If you follow MAO at all, you probably are aware of the recent minor issue surrounding current Miss America, Betty Cantrell. I won’t be posting details or links here, as I think the author in particular had an agenda when writing the piece. Total proof-texting of that lunch conversation! But, it was a good time for me to be reminded of why I do love Miss America.
I competed for four years at the state level. I finished in the top five every time and won a lot of scholarship money. Then I went on to judge, volunteer, and help run a very successful local pageant here in Iowa. And now I do this. Obviously, I support it to enough of a degree that I have been around it for about 15 years!
The national organization has its issues just like any big company with many smaller branches would. I don’t love all of their policies and procedures. I think some new rules are alienating fans, volunteers, and coaches. And if you are lucky enough to actually win the title of Miss America, you are probably in for a very long, rough year – as would be the case for the national face of any well-established organization. It’s pretty rough to be the one person for an entire year representing a whole organization with as much history and prestige as Miss America.

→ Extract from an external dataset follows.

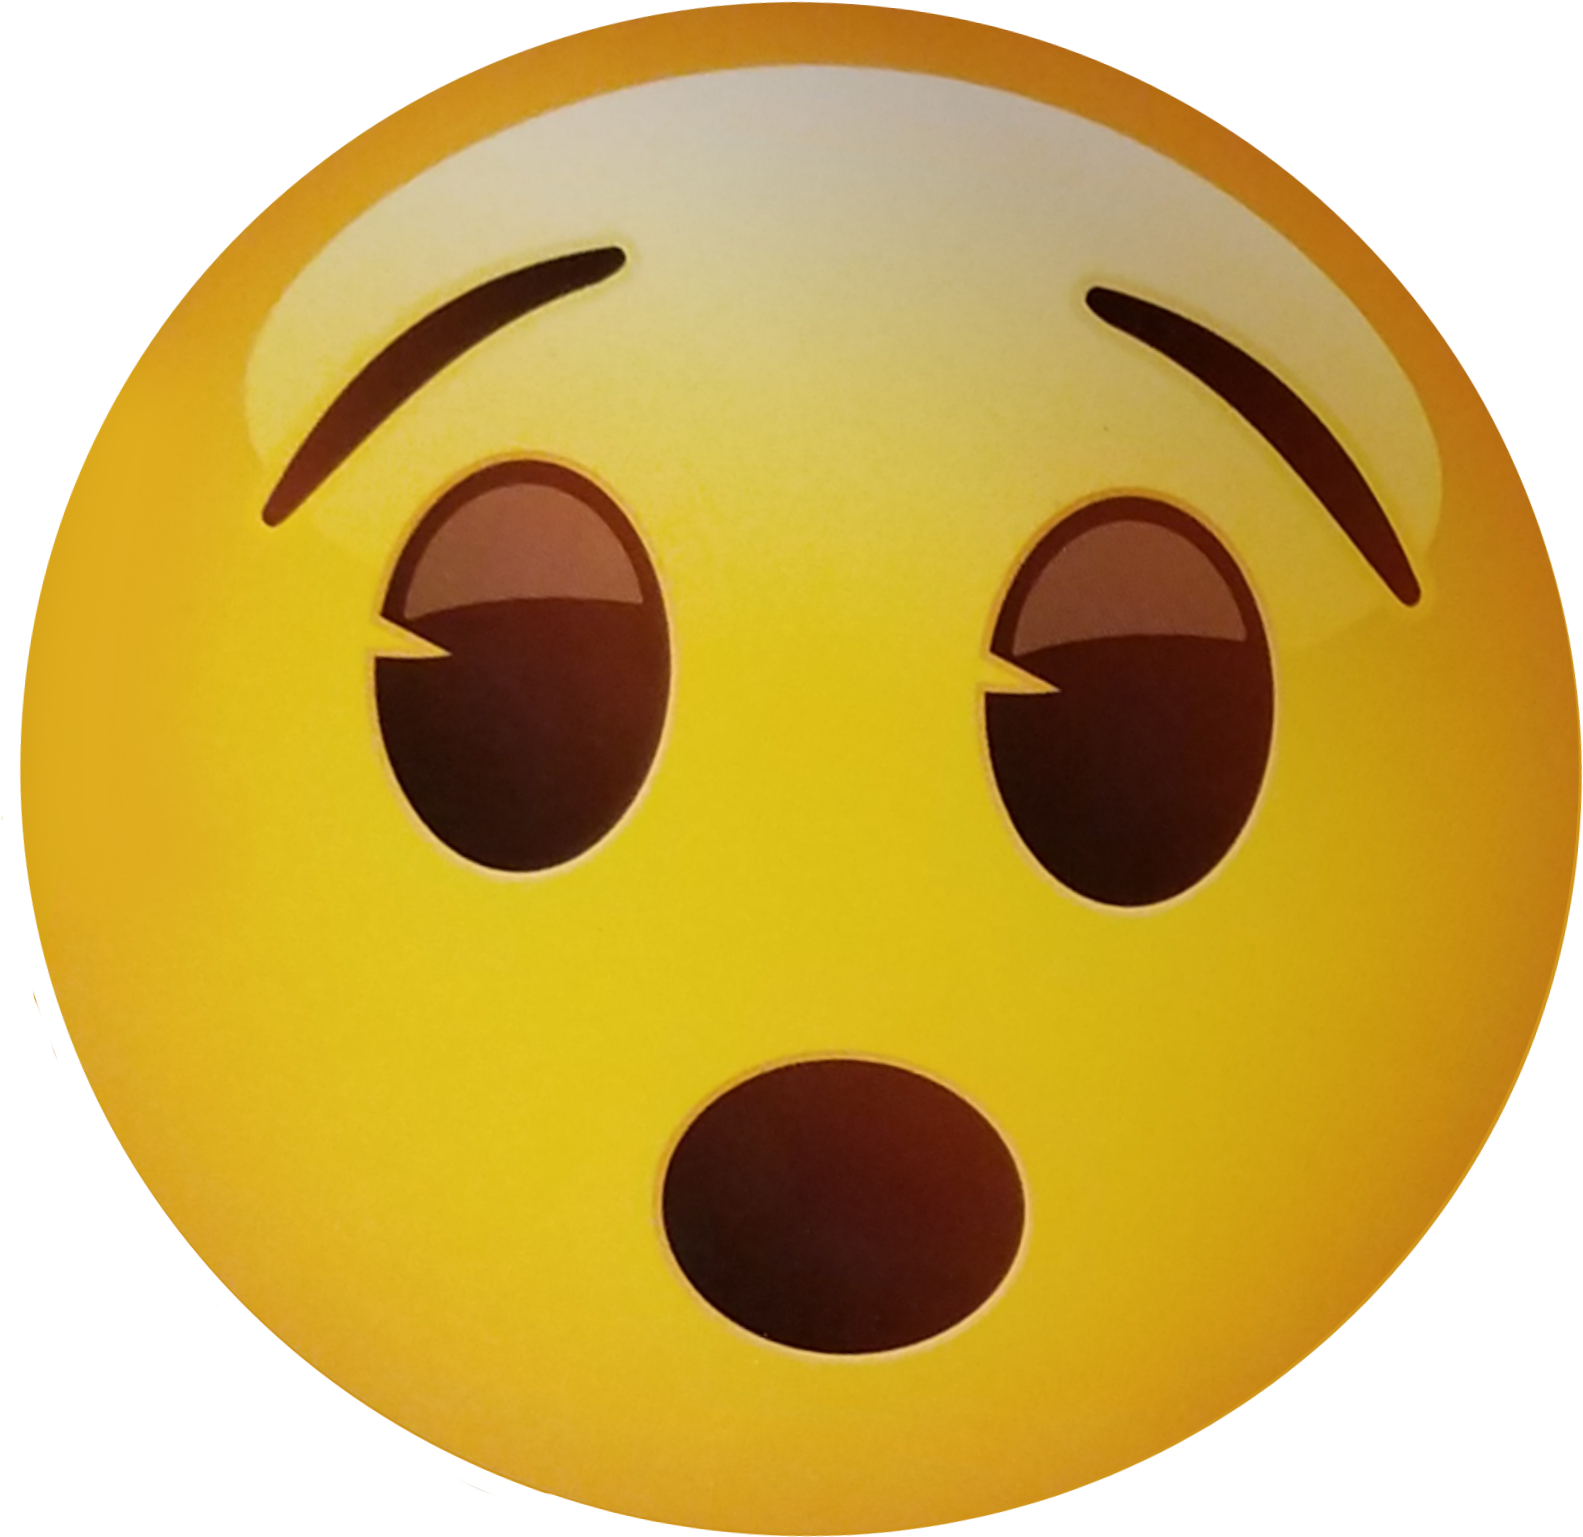 Free Smiley Face Emoji Transparent Background, Download Free Clip Art, Free Clip Art ...

But for any flaws or issues you can find, the value of the organization far outweighs the bad. I am part of their story. I see lives transformed every day by the tenacity and dedication young women exhibit who compete in MAO. The scholarships, service, and skills gained are life-long assets.
MAO is made at its most basic level. We all see and pay attention to the winner and higher ups, sure! But it really is about the 1,500+ contestants each year. The sisterhood and the bond. The blood, sweat, and tears from local and state volunteers. It’s in all the not-Miss-Americas that I see the greatest value in the organization. This is where the heart of Miss America lies – and I love it.